Rob(bed)   #3   10:58 am Dec 08 2009

This ETS (emission trading scam) must be the biggest rort ever. Global warming proved too much to hogwash us so climate change was invented. We are now paying for ETS on our petrol, in January we start paying on our electricity bills. Seems the head of NASA, Hanson, who was responsible for some of the data supporting climate change, is part of a company that has just been reported as having made a billion dollars in carbon credit trading HMM! The university of East Anglia was found out on its flawed data supporting this garbage. Key's government, which is nothing more than the business round table that now wears a feathered cloak, has said that we, the customers of these big companies will have to pay their carbon credits. What a load of old cobblers and good on you OZ, don't let the slimeballs get you too!
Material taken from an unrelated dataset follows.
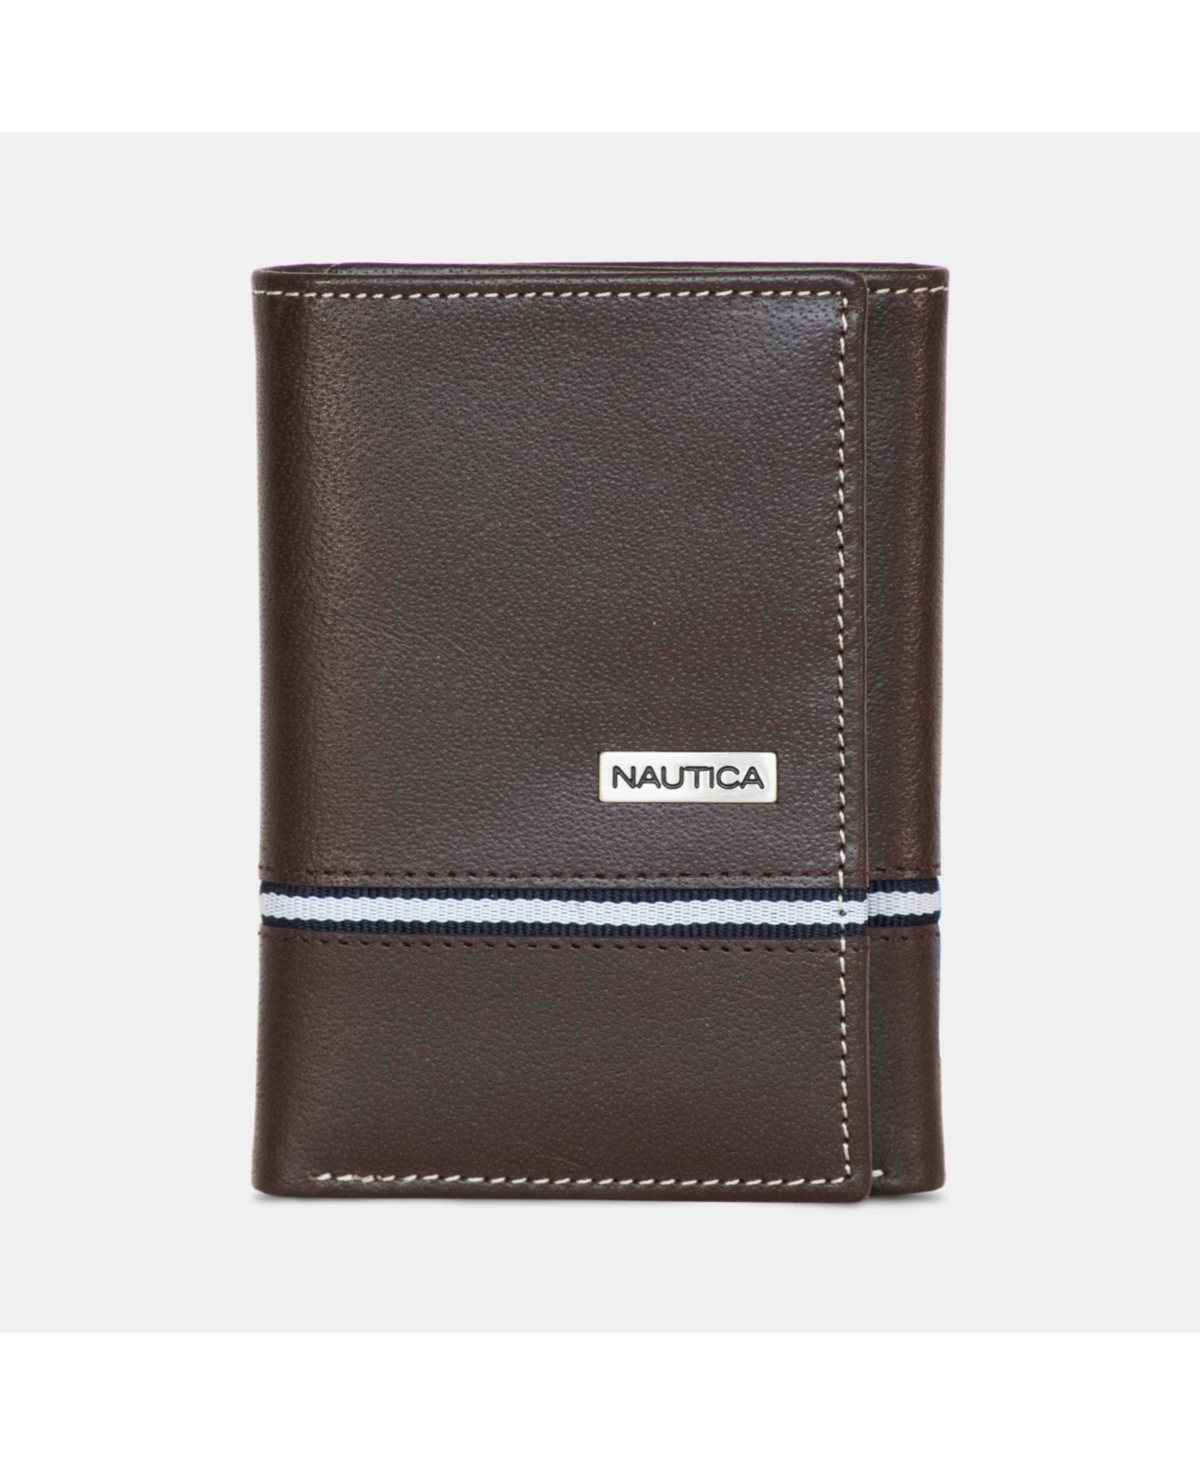 Nautica Men's Trifold Wallet In Brown

Rex   #2   11:11 pm Dec 07 2009

What a pack of dropkicks. If you doubled the current estimated (and unproven) yearly sea rise of 1.4mm you get 280 mm or 11.2 inches in 100 yrs. That is a lot less than your 1900mm (6.3 feet) where are your heads at? Isn't there any liability for media propagating the drivell of over paid nutjobs from our scientific institutions?

Steve   #1   04:21 pm Dec 07 2009

Future sea level rises and flooding of certain residential areas from increased rainfall (plus higher winds) was a consideration when we moved house recently.